Torchwood: Skypoint...
Jan. 25th, 2009 10:55 pmTorchwood: Skypoint by Phil Ford is another good Torchwood novel. Are they getting better all the time, or am I just imagining that?
The plot: there's a fancy new high-rise apartment building in Cardiff called Skypoint, where people are mysteriously disappearing. A sinister Latvian gangster owns the place and lives in the penthouse. Investigating, the Torchwood team moves in and finds themselves doing battle with the building itself - a mass of booby traps and an alien presence.
If I had any problem with the plot, it was that I guessed the mechanism of the alien perpetrator as soon as we met the little girl and her plaything - but that didn't ruin the fun in the least. It just kept me wondering when the characters would figure it out.
Specific points:
- Jack was delightfully heroic. There's a sequence of scenes where he is climbing on the outside of the building with Gwen, that I just loved.
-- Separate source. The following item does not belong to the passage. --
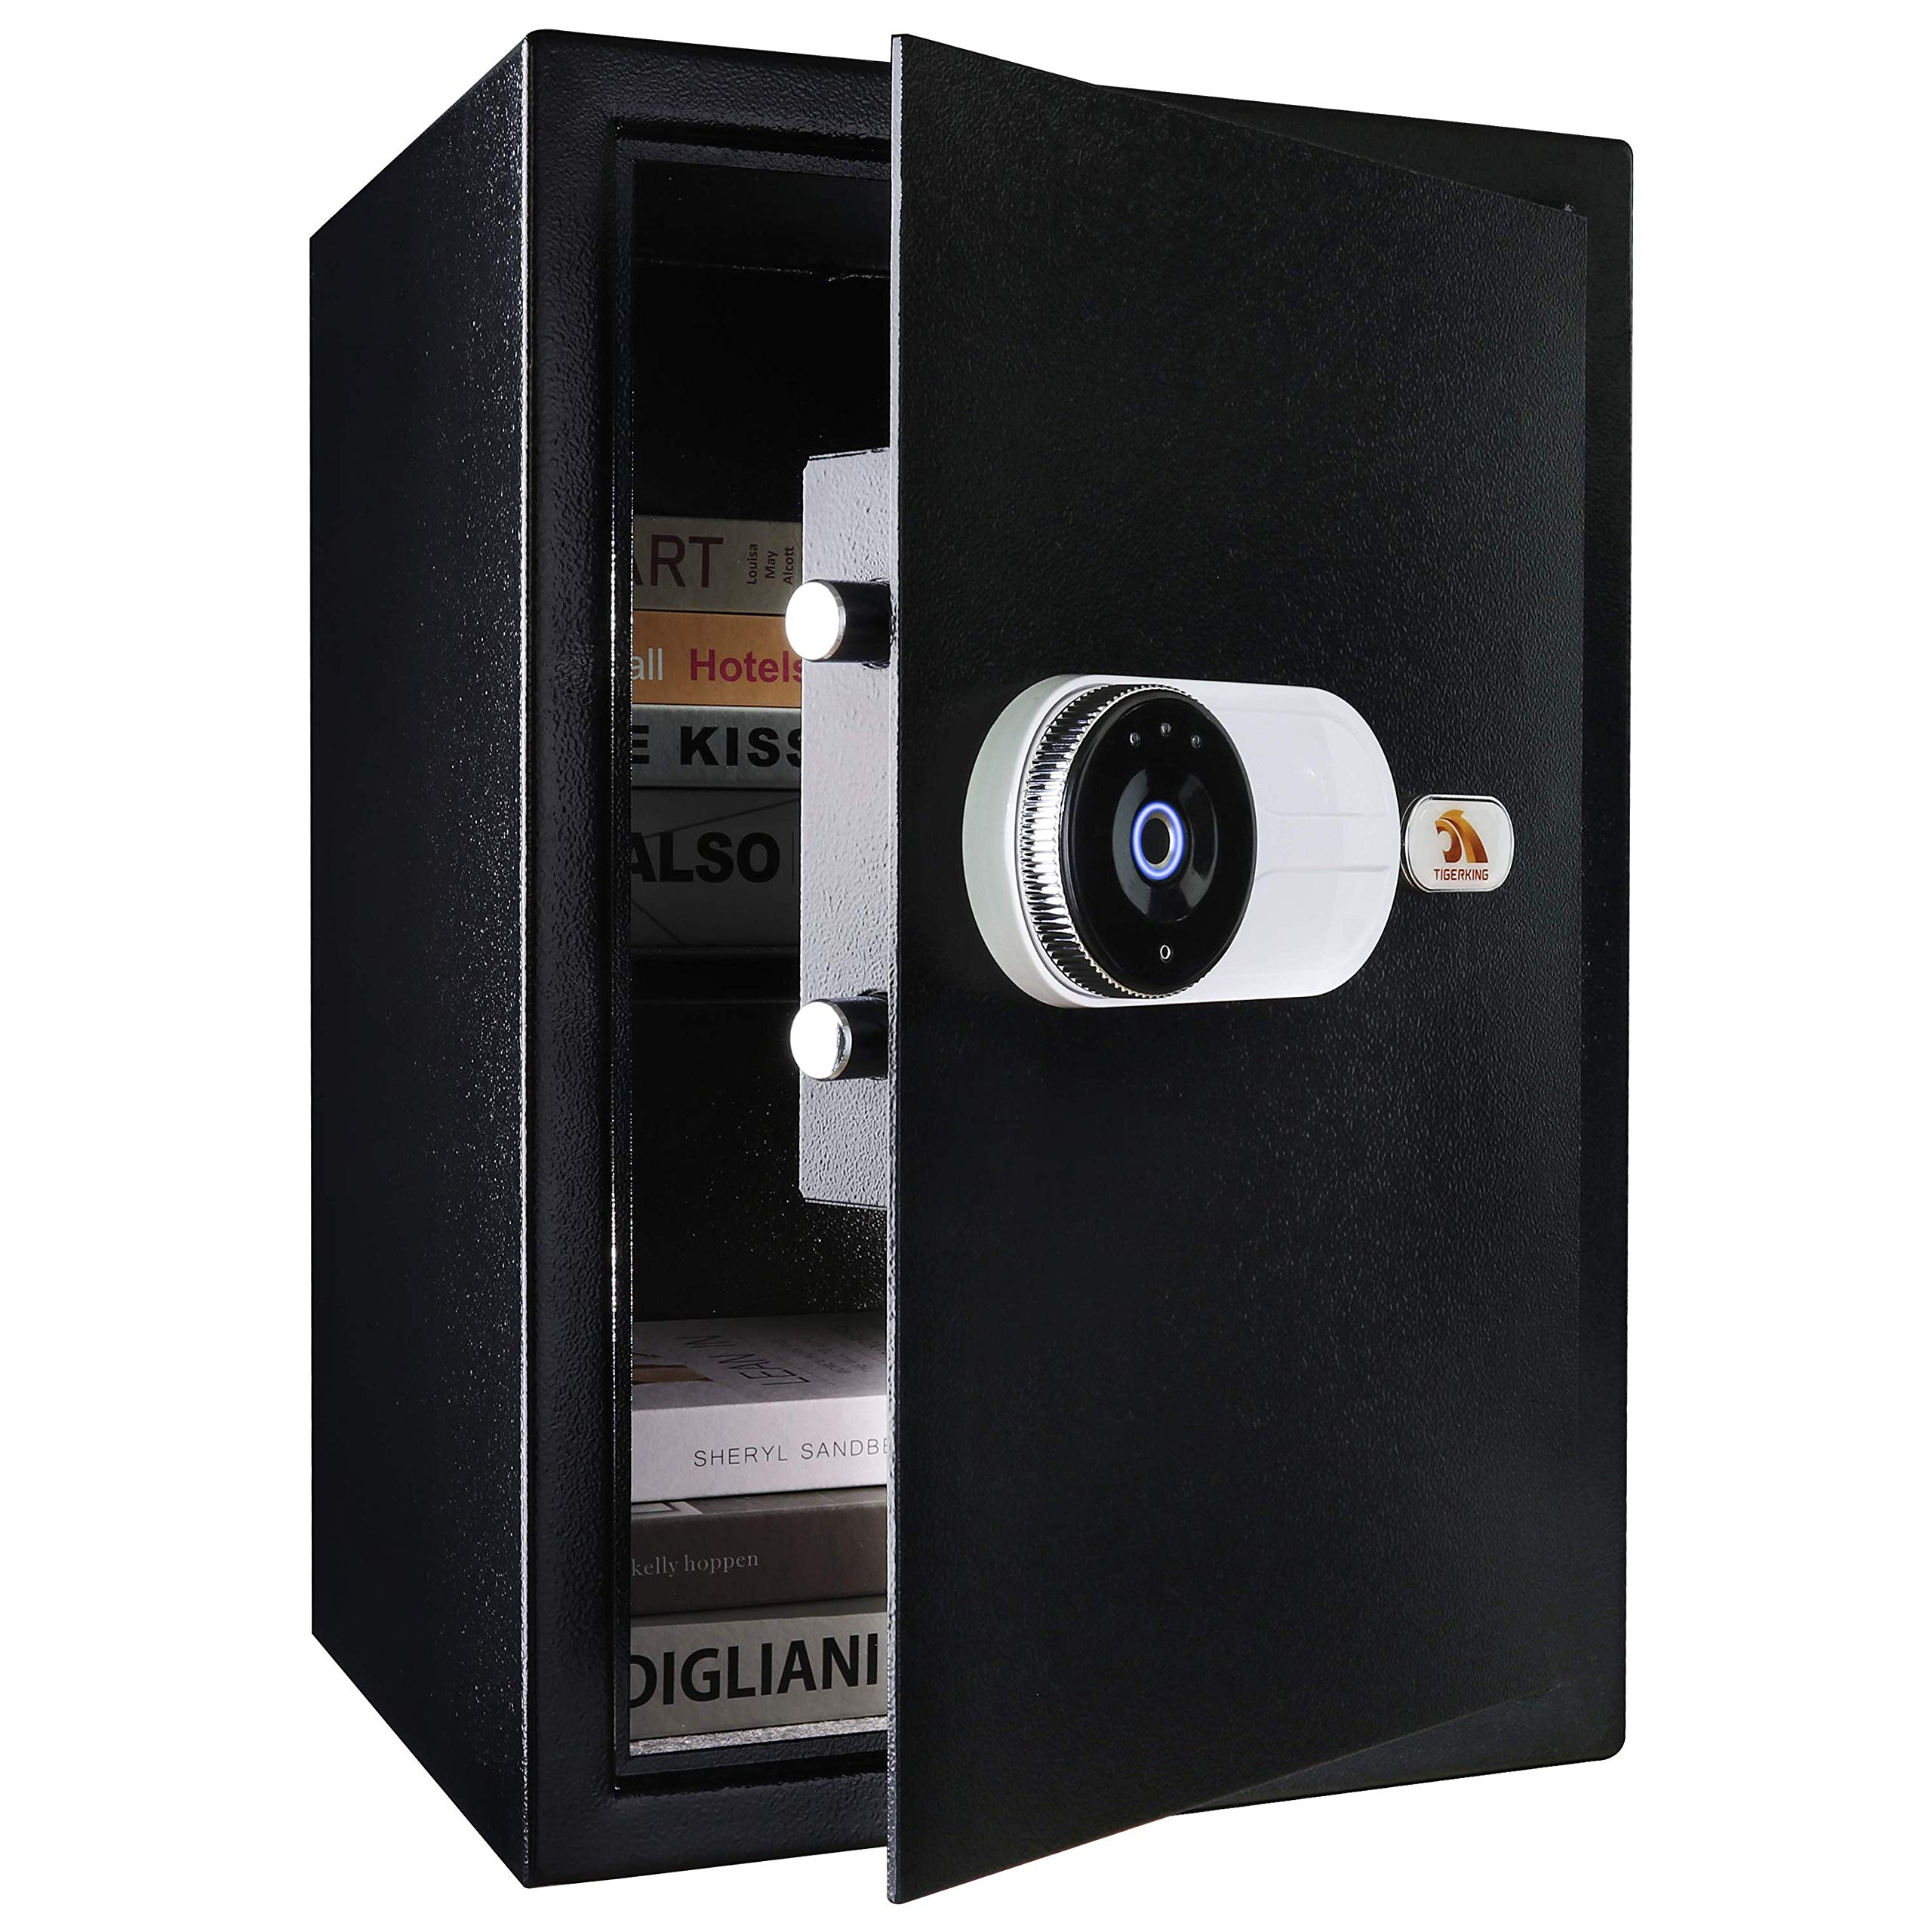 TIGERKING Large Biometric Safe Fingerprint Safe Security Safe Box Black - E50PF TIGERKING SAFE

- Torchwood does not contain a lot of references as to its internal timeline, but this book had several that had me puzzled - and skeptical. I know fans have worked out timelines, and I've read them with approval - I must go back to compare and consider. This is set somewhere after "Something Borrowed" but before "Exit Wounds" - Gwen and Rhys are married, Owen is in the story as walking dead. Yet Gwen refers to her first meeting with Jack as "little more than a year ago" on page 10. Could it be so recent? Given that Jack was absent several months between "End of Days" and "Kiss Kiss Bang Bang", that doesn't leave a lot of months for all the action of both series 1 and 2. I'd prefer to think of it as more like two years.
- There's an interesting paragraph on page 14 about Torchwood pay:
[Gwen] had never been entirely sure who it was that signed the Torchwood pay cheques - the money just appeared in he bank account on the first of every month - but, whoever they were, the wages bore no comparison to the dangers involved in their earning. As a general rule, if you wanted to make a fortune it seemed you have do come up with another way of ending the world, not saving it.
I would think it was Jack who arranges their pay - I see no evidence of someone else doing it, though I suppose there could be a Torchwood Foundation keeping the money coming. But if so - surely Jack would be the administrator? I don't believe that Jack is answerable to anyone.1 - Jack's smiles, from Toshiko's point of view, page 41:
Jack gave the guy another smile. Not the high-beam dazzle-and-run smile; this one was lower intensity, the kind that drew you in and suckered you. Jack had a million smiles. One time, somewhere, Jack had been some sort of con man. She guessed that was how he came by the Smiles.
What I really love about this is that we know Toshiko knows Jack was a con man, because we heard him tell her so in "Captain Jack Harkness". I don't think the others know, and this maintains that continuity. - From Owen's point of view, page 54: "One thing about being dead, you never ran out of breath."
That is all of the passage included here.